Три волны, а может, и больше прокатились через них с убывающей силой, потом они выскочили из бурунов и оказались на тихой воде, ярко освещенной солнцем. Питт резко мотнул головой, выплюнул соленую воду. С черных кудрей во все стороны полетели сверкающие капельки.
— Худшее позади! — радостно возопил Питт. — Мы пробились в протоку!
Добравшийся до протоки прибой угомонился, его катящиеся волны стали не выше обычного дверного порога. Поразительно, но лодка все еще держалась на плаву — как-то выстояла в перемалывающей свирепости сокрушительных бурунов. Единственный видимый ущерб — сорванный парус и мачта из весла, которые плавали на веревках неподалеку.
Джордино не переставал черпать, хотя стоял по грудь в воде. Он отплевывался, отирал соль с ресниц и продолжал швырять воду за борт, словно ничего нельзя уже было отложить на завтра, потому как никакого завтра не предвидится.

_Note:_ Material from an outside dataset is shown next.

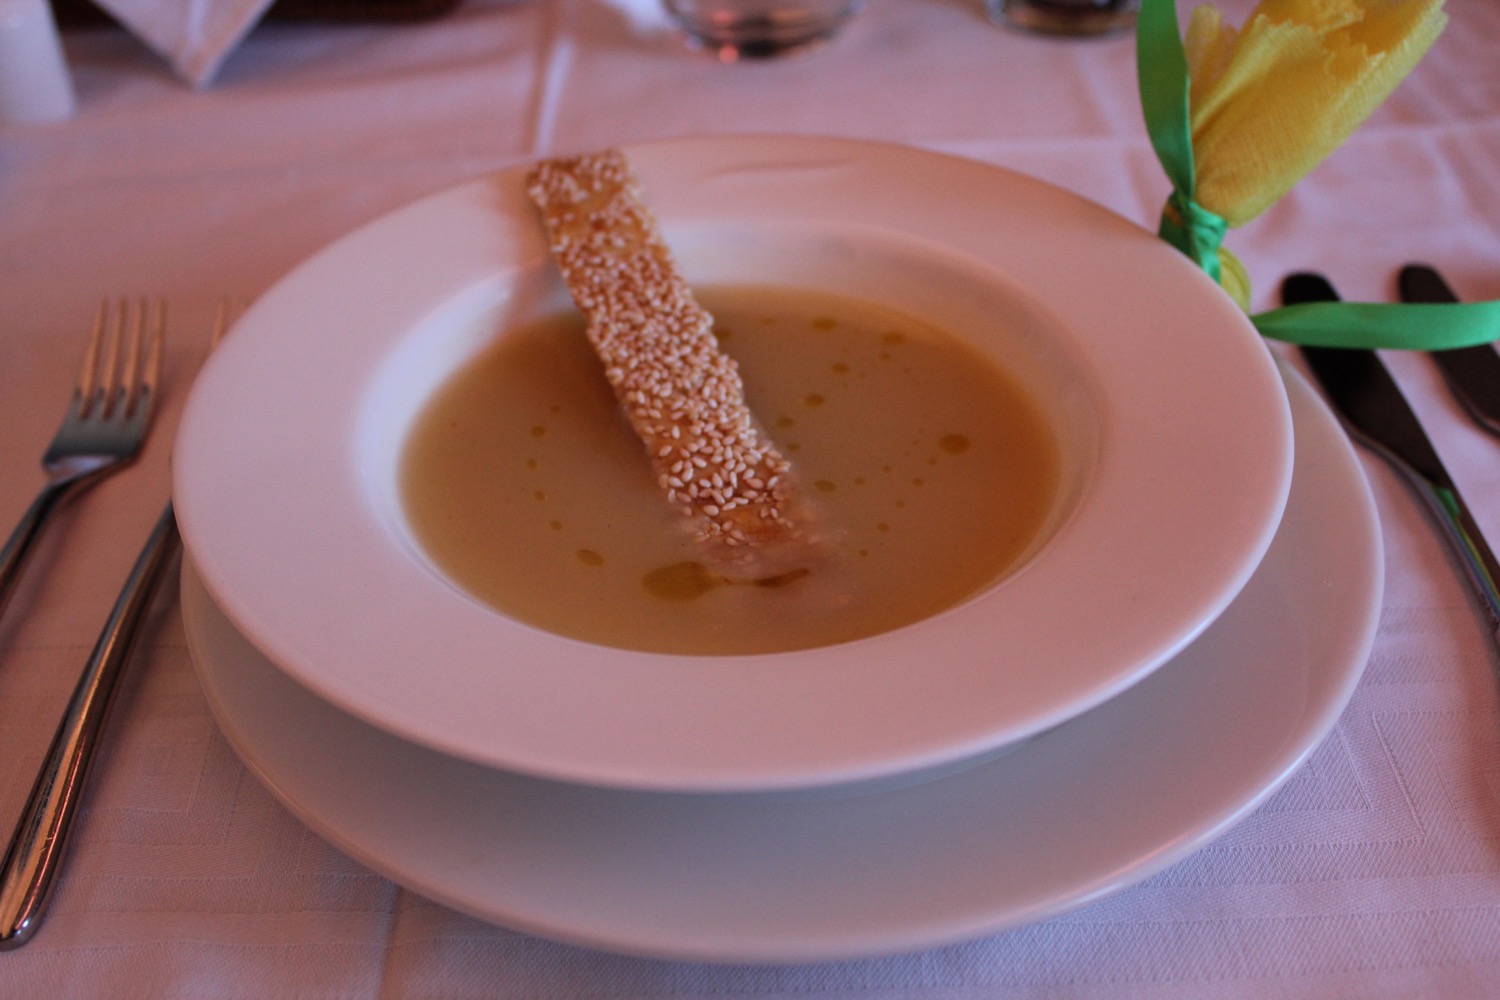 a plate of soup with a stick in it

Корпус окончательно треснул пополам и едва держался на нейлоновых постромках и скобах, соединявших поплавки. Джордино признал поражение, обнаружив, что сидит по горло в морской воде. Тяжко дыша, он огляделся с непонимающим видом и пробормотал:
— И что теперь?
Прежде чем ответить, Питт погрузил лицо в воду и посмотрел на дно протоки. Видимость была исключительной: он разглядел песок и камень всего в десяти метрах под ними. Стайки ярко окрашенных рыбешек сновали туда-сюда, не обращая внимания на людей.
— Акул нет, — не скрывая радости, известил Питт.
— Они обычно избегают прибоя, — пояснила Мэйв сквозь позывы кашля, держась обеими руками за кормовой поплавок.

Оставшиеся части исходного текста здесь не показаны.